• Problem statement
Could the data below be retyped exactly, without its pictures?

• Data extract

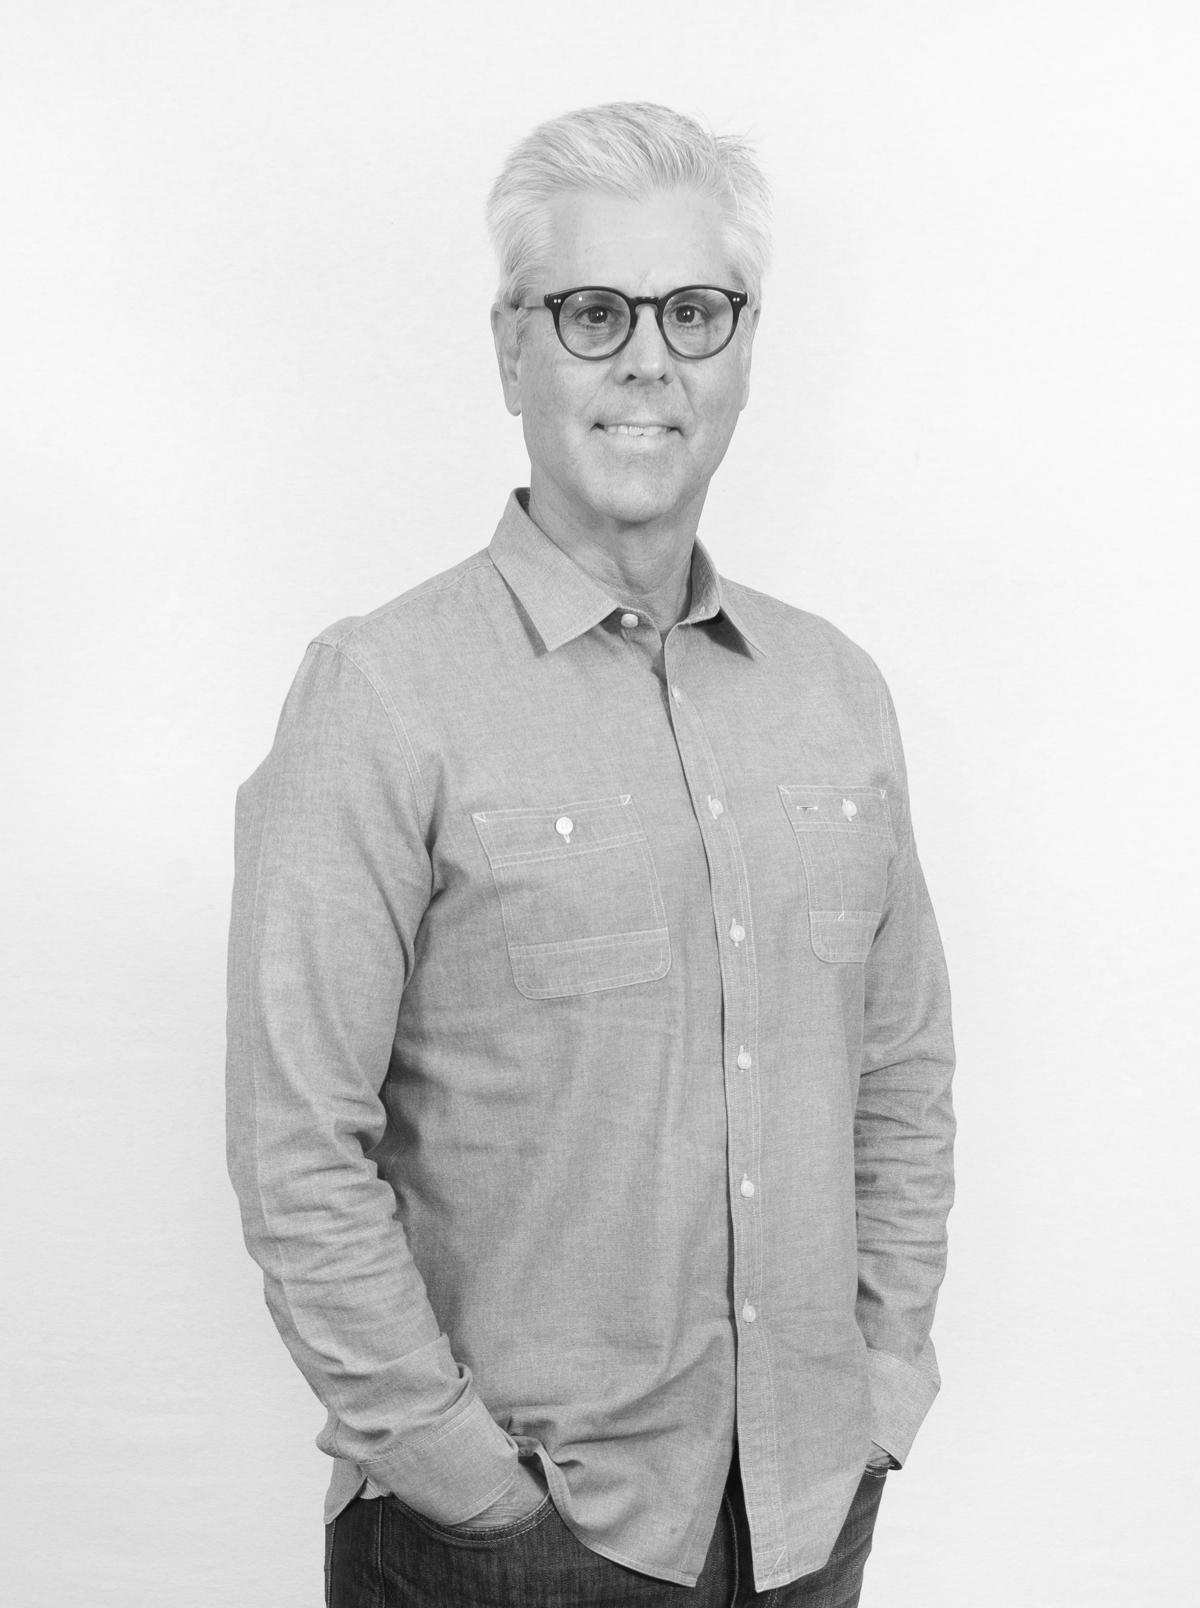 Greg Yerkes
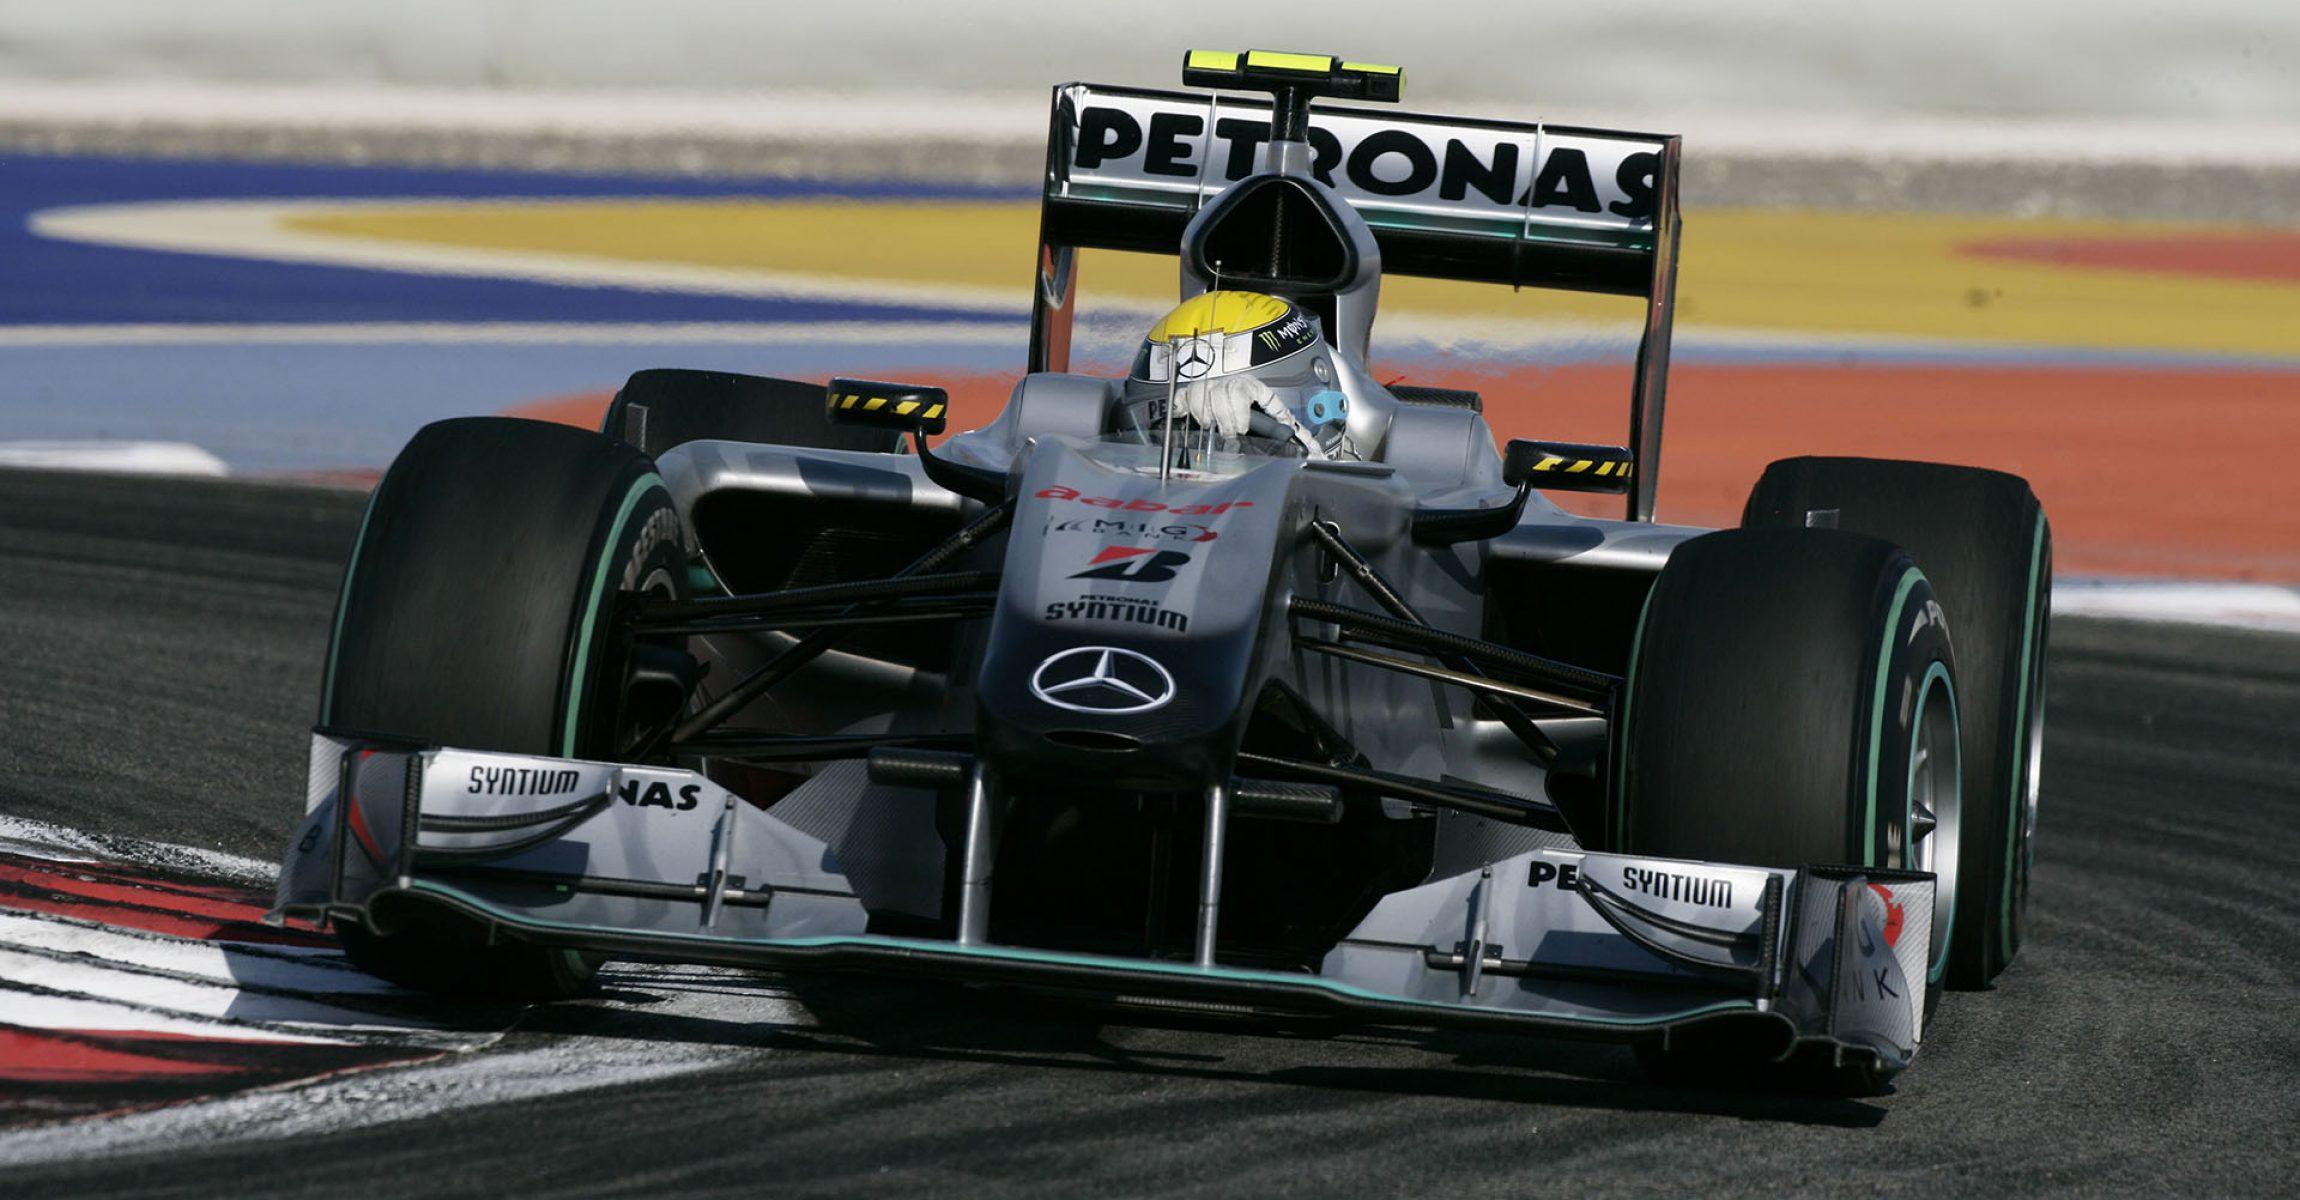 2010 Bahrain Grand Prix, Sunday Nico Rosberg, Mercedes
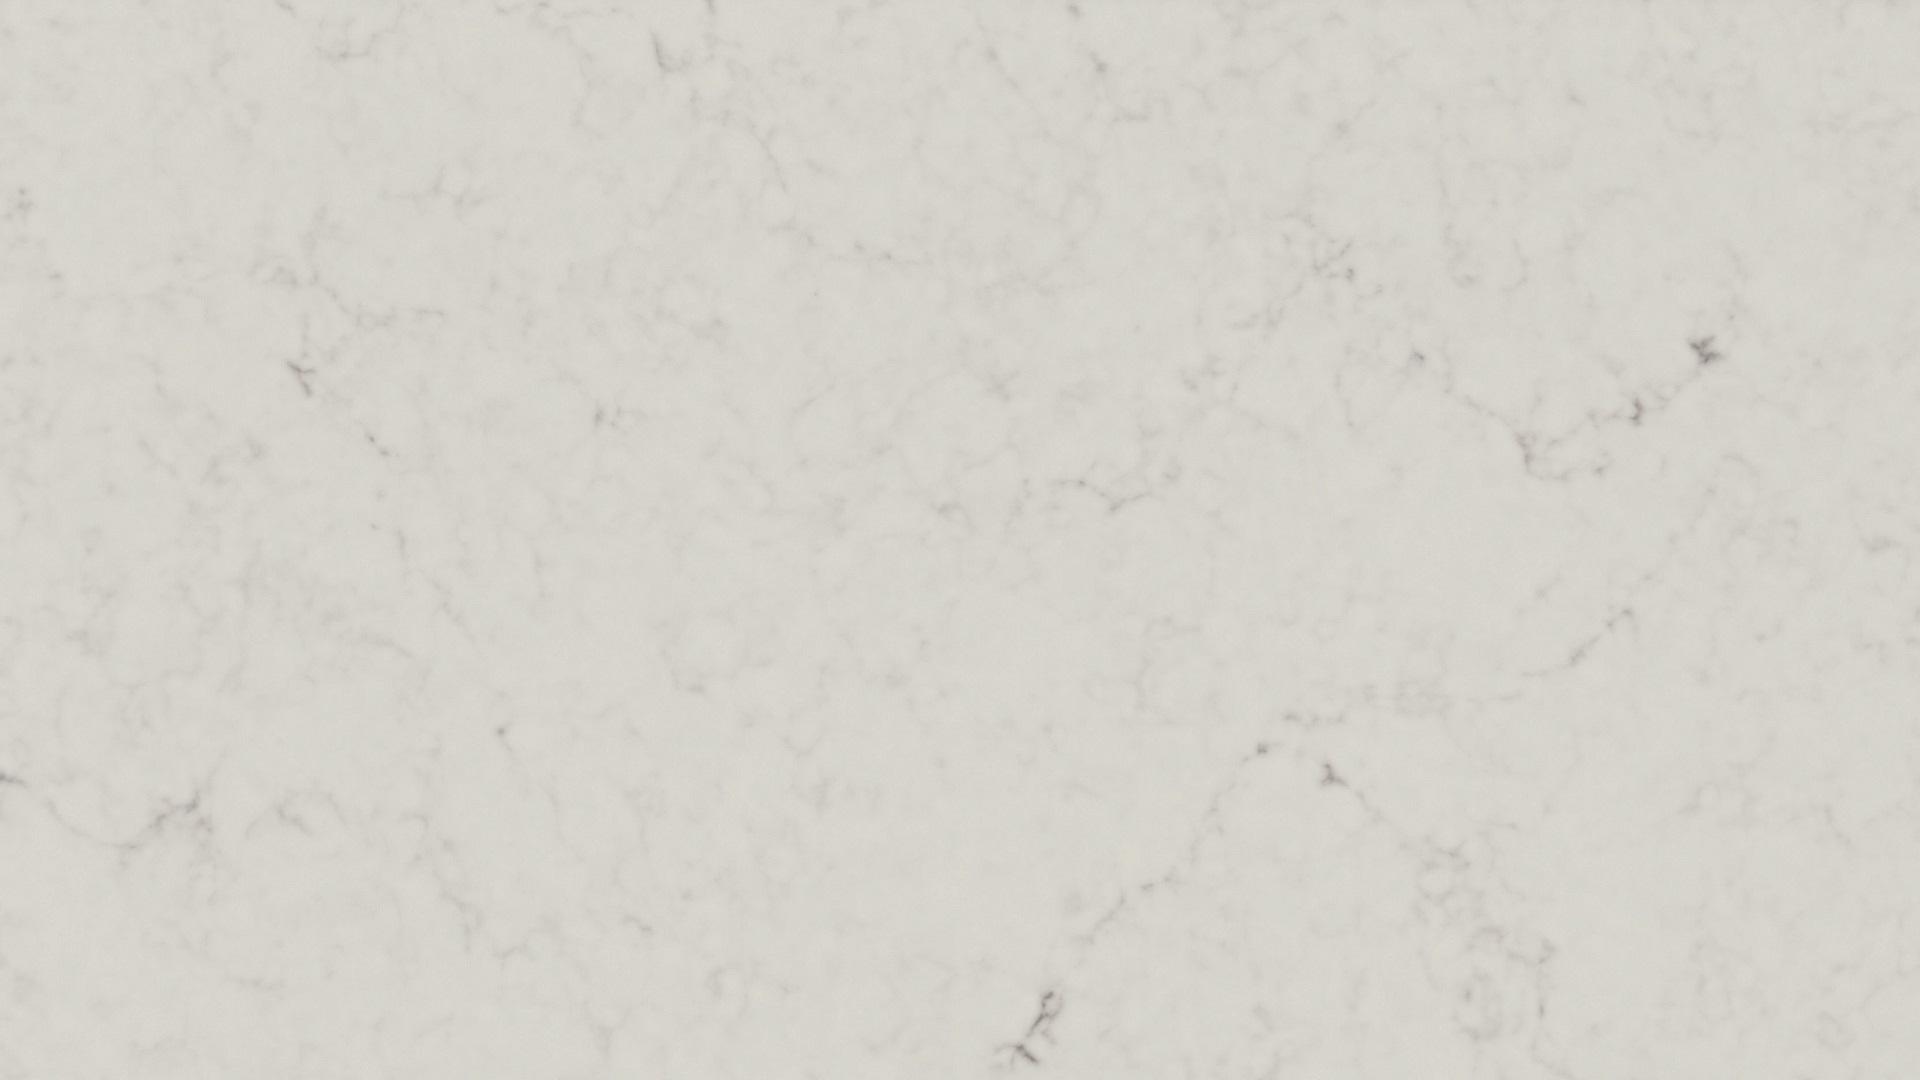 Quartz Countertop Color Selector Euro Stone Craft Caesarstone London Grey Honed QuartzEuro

• Solved exercise
 Greg Yerkes
 2010 Bahrain Grand Prix, Sunday Nico Rosberg, Mercedes
 Quartz Countertop Color Selector Euro Stone Craft Caesarstone London Grey Honed QuartzEuro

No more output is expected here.